The ICOADS dataset contains global marine data from ships (merchant, navy, research) and buoys, each capturing details according to the current weather or ocean conditions (wave height, sea temperature, wind speed, and so on). Each record contains the exact location of the observation which is great for visualizations. The historical depth of the data is quite comprehensive — There are records going back to 1662!
You can use the BigQuery Python client library to query tables in this dataset in Kernels. Note that methods available in Kernels are limited to querying data. Tables are at bigquery-public-data.github_repos.[TABLENAME]. Fork this kernel to get started to learn how to safely manage analyzing large BigQuery datasets.

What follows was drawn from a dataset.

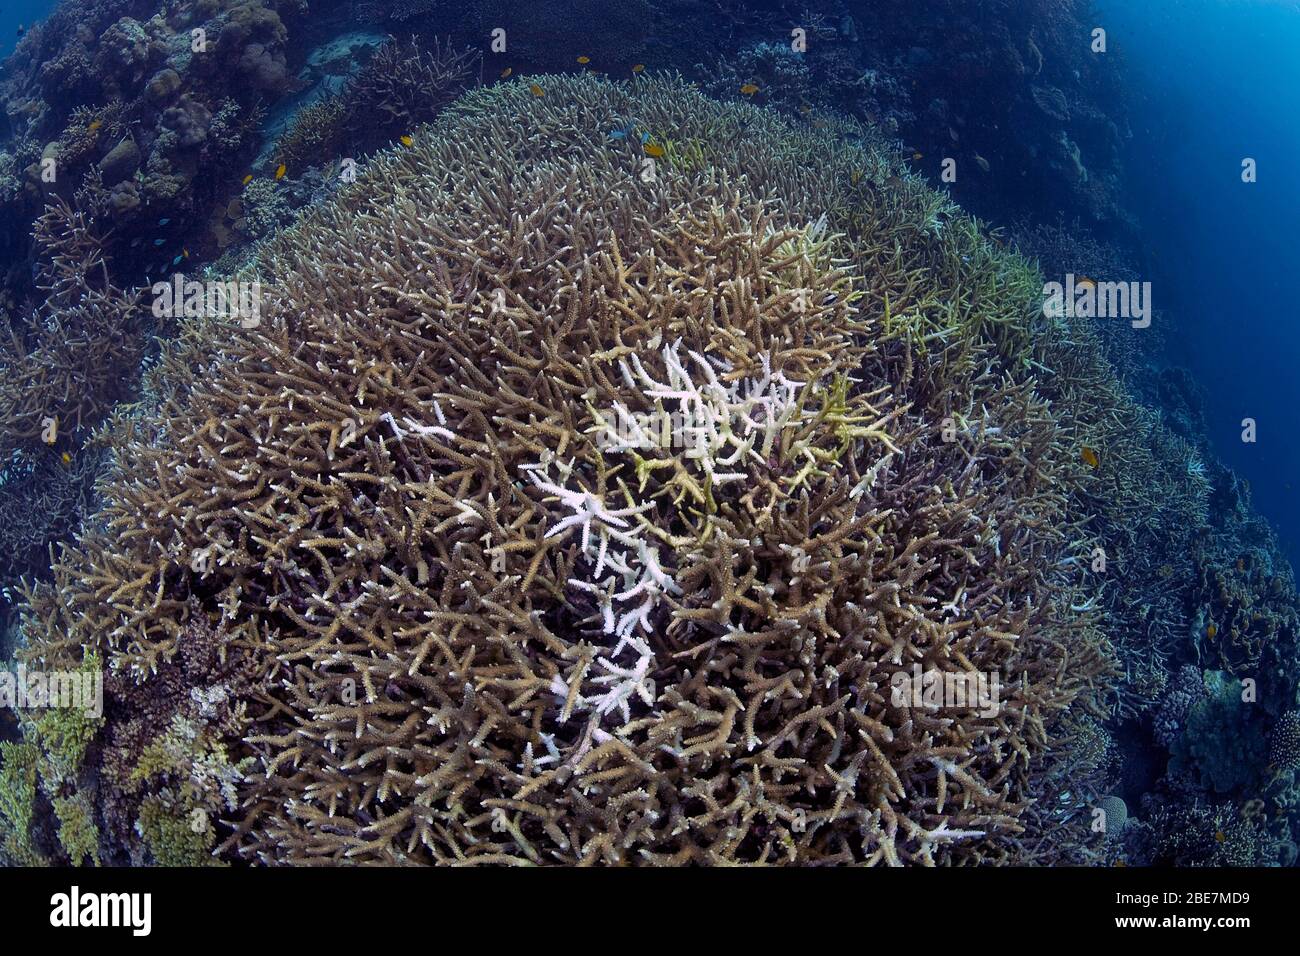 Le blanchissement des coraux de pierre blanchie, (Acroporidae), conséquences du réchauffement climatique, de corail mort, Moalboal, Cebu, Philippinen Banque D'Images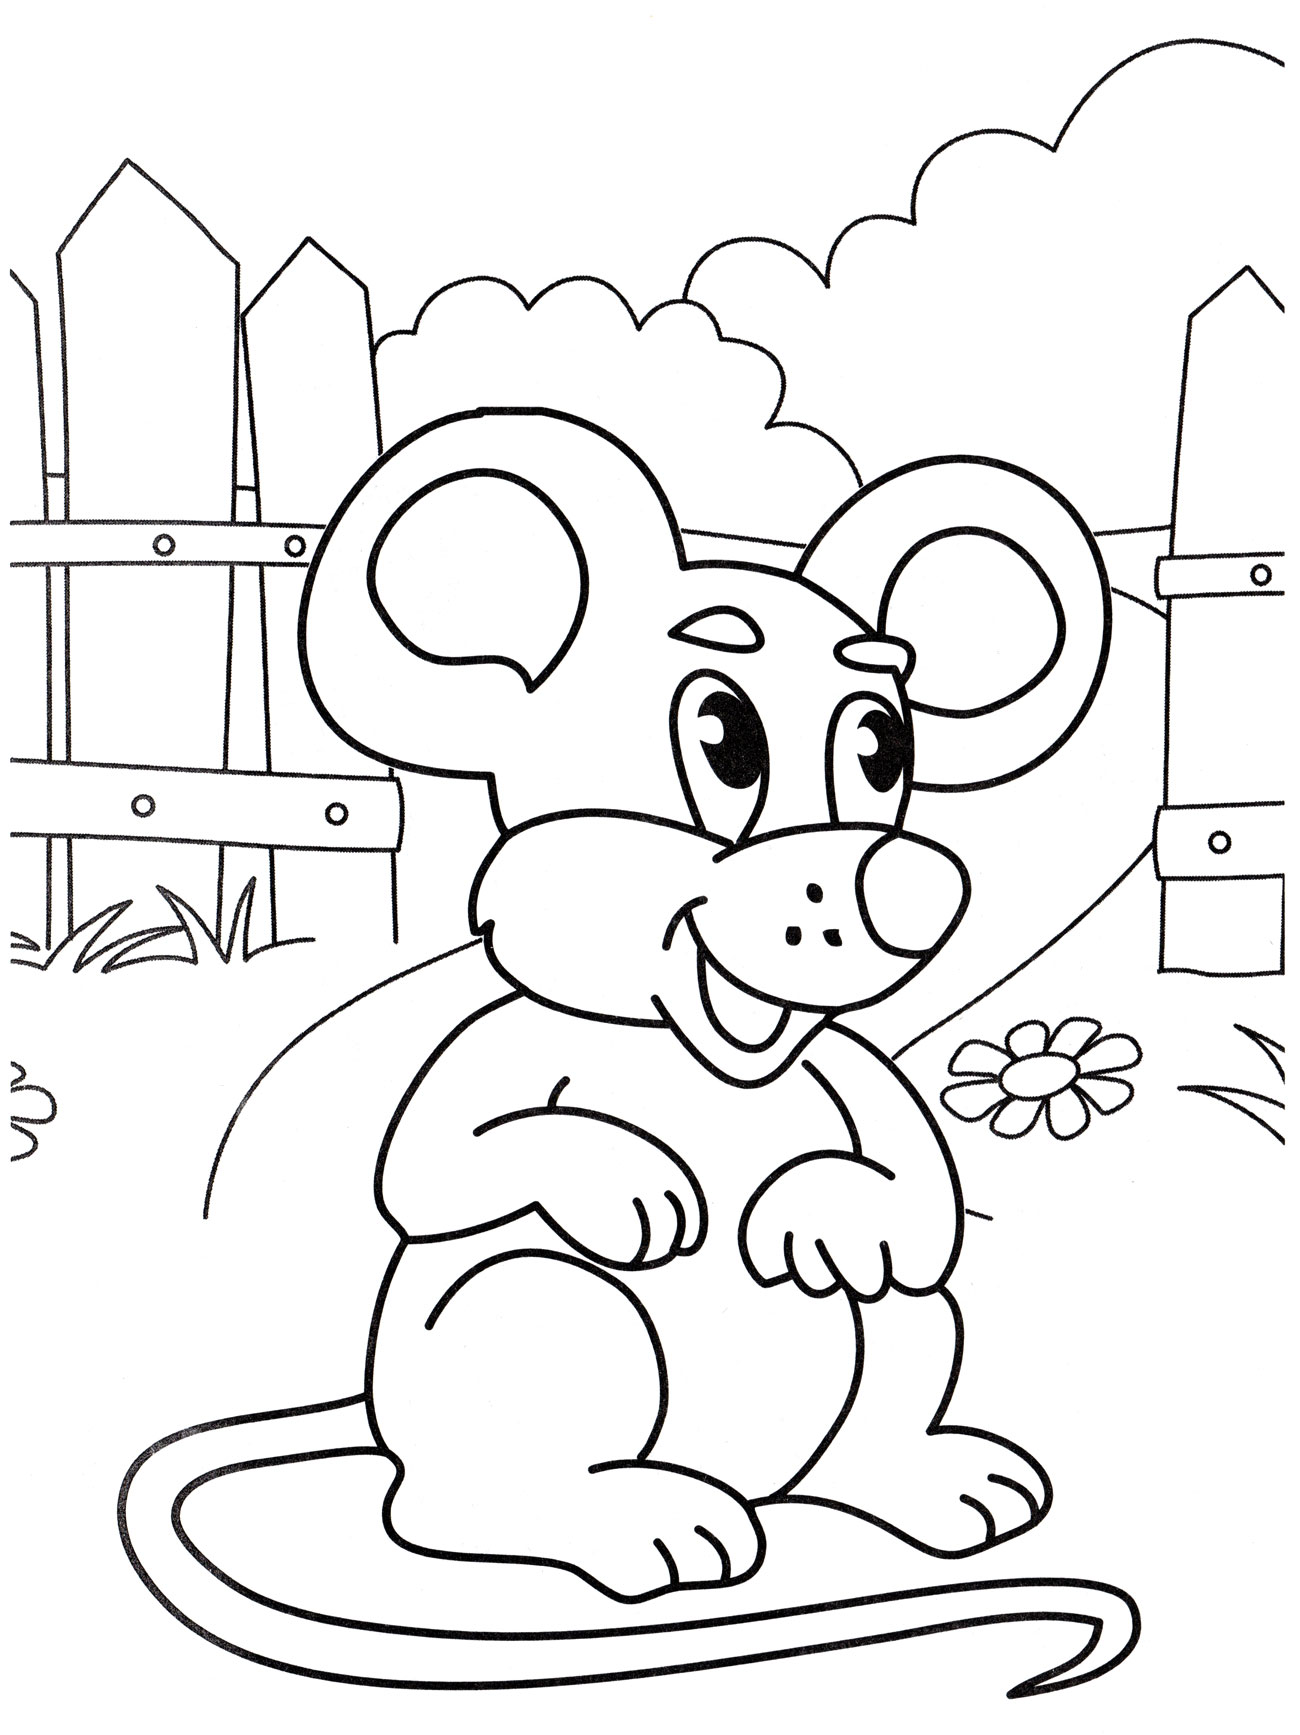 Раскраска Ушастая мышка

Dataset Source: NOAA Category: Meteorological, Climate, Transportation
Citation: National Centers for Environmental Information/NESDIS/NOAA/U.S. Department of Commerce, Research Data Archive/Computational and Information Systems Laboratory/National Center for Atmospheric Research/University Corporation for Atmospheric Research, Earth System Research Laboratory/NOAA/U.S. Department of Commerce, Cooperative Institute for Research in Environmental Sciences/University of Colorado, National Oceanography Centre/Natural Environment Research Council/United Kingdom, Met Office/Ministry of Defence/United Kingdom, Deutscher Wetterdienst (German Meteorological Service)/Germany, Department of Atmospheric Science/University of Washington, and Center for Ocean-Atmospheric Prediction Studies/Florida State University. 2016, updated monthly. International Comprehensive Ocean-Atmosphere Data Set (ICOADS) Release 3, Individual Observations. Research Data Archive at the National Center for Atmospheric Research, Computational and Information Systems Laboratory: https://doi.org/10.5065/D6ZS2TR3. Accessed 01 04 2017.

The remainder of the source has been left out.